My Lords, I think I might deal with the final comment made by the noble Lord, Lord Browne. I acknowledge the comments that have been made not just about this Bill but about the general timetable, but I hope that noble Lords who have taken part in our debates on many amendments to this Bill feel that we have had constructive debates. Almost without exception, the amendments that have been tabled have been pertinent and have done what this House does-properly scrutinise-and the Bill is the better for that. Although, as the noble Lord, Lord Stoddart, pointed out, we sat until 10.41 pm last Thursday, even in the final three-quarters of an hour we had some important debates. Although we had been sitting for some time, some important and thoughtful contributions were made.

On the point about the Written Ministerial Statement paving the way to a legislative consent Motion, the noble Lord, Lord Browne, fairly described the situation as he understood it. When we debated this before moving into Committee last Thursday, I indicated to your Lordship' House, not for the first time, that work, negotiations and discussions were going on between the Scottish Government and the United Kingdom Government, and that we were hopeful that they would come to a conclusion. On that occasion, I think I said that I hoped that the House, before moving to Report, would have an outcome to these negotiations. I thought that it was important, if it was at all possible, for that Written Ministerial Statement to be available to your Lordships before we met today. I am pleased that in the event that proved to be possible.

There was an encouragingly wide response to the consultation. We received just under 3,000 responses, including many replies from members of the public living in Scotland and beyond. There were contributions from businesses, academics, political parties, trade unions and many others across civic Scotland. A number of these matters will be debated when we move into Committee, but I can confirm that the Government's key proposal in the consultation was that the referendum should be legal, fair and decisive.

In order to provide a legal referendum, we set out our view that a Section 30 order should be agreed to devolve to the Scottish Parliament the power to legislate for a referendum. Initial analysis of the responses indicates clear support for that proposal. A significant majority of those who responded to this issue agreed that powers to hold a referendum should be devolved to the Scottish Parliament. Of these, the great majority supported a Section 30 order.

However, analysis of any consultation is not just a simple matter of counting responses, so I am pleased that our preference for agreeing a Section 30 order was endorsed by a number of constitutional experts, including Matt Qvortrup, Adam Tomkins and Alan Trench, as well as knowledgeable organisations such as the Law Society of Scotland, the Royal Society of Edinburgh and the British Academy.

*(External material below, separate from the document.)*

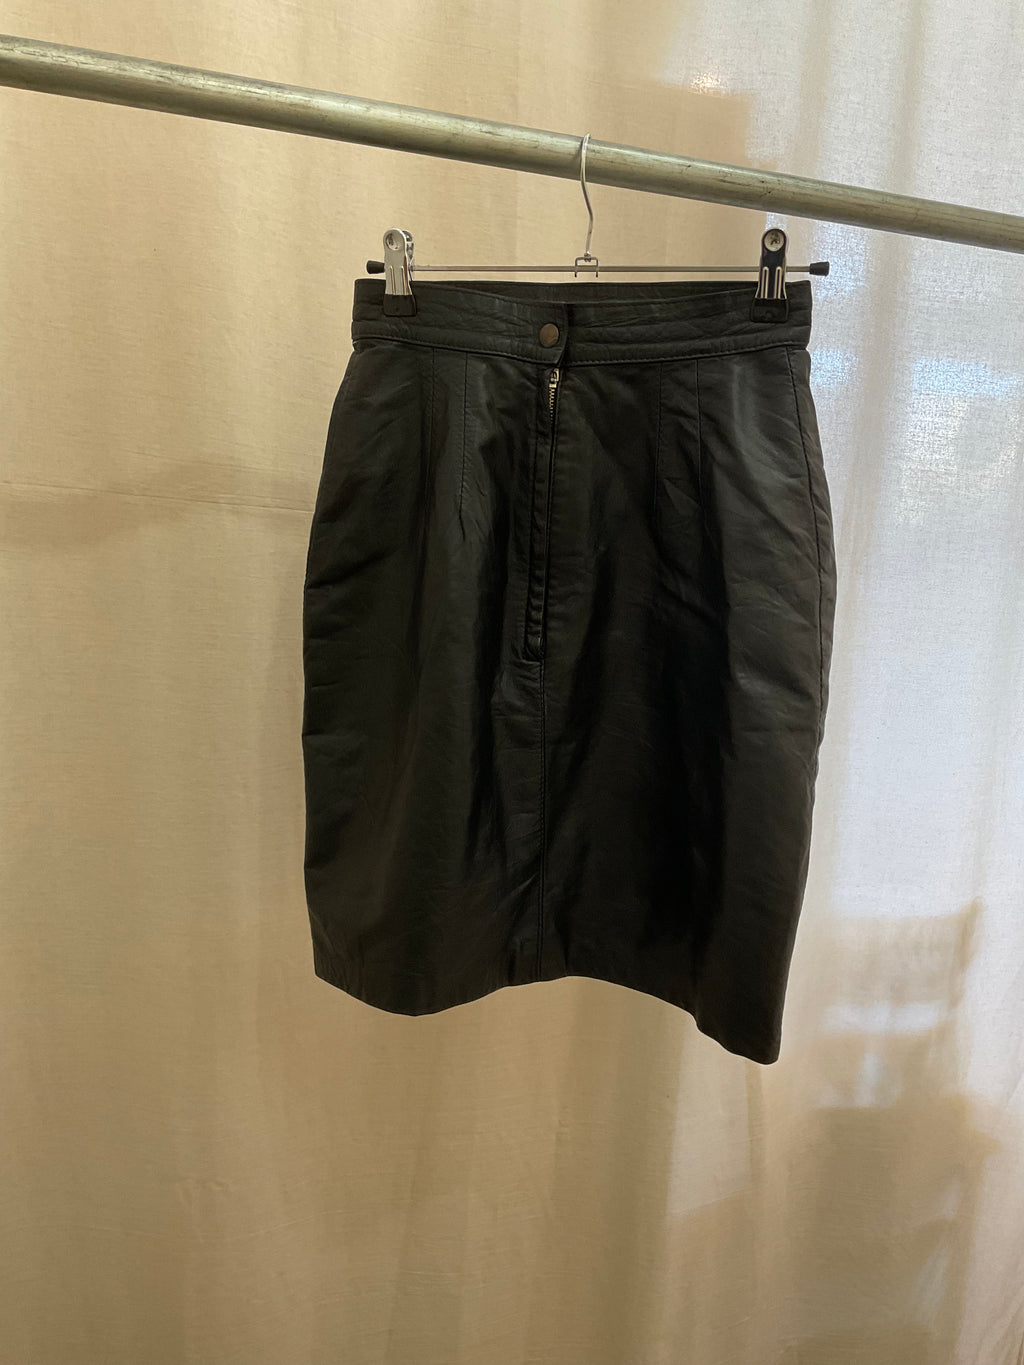 No Label Black Leather Skirt Sz 10 (best fit sz 6)

The fact that it is not just simply a numbers question was highlighted by the point made by the noble Lord, Lord Browne, who picked out a point in the response from Professor Tomkins on the Electoral Commission and the question. There were a number of substantially written points, although obviously not 3,000. We want to make sure that when we bring forward a report-my understanding is that because the original consultation was a command document, any report has to go through the process of becoming a Command Paper-we do proper justice to the quality of the responses that we received.

Obviously, we will be able to say more in the debates. Nevertheless, it is possible to give some clear indication as to where the balance of opinion lies in response to a number of the detailed points-for example, on whether there should be one question or two, and on the timing; clearly, considerably more people want it sooner rather than later-and to indicate some of the specific points made by a number of leading experts.

I hear what my noble friend Lord Forsyth says about today's debate and any amendments that he might wish to table for Report. The noble Lords, Lord Foulkes and Lord Browne, have acknowledged that we have tried to structure a debate today on the referendums in a way that is to the benefit of the Committee. After the appropriate amendment has been moved, I wish to indicate the Government's position by saying something about the consultation. I shall then listen to comments from noble Lords and respond at the end of the debate.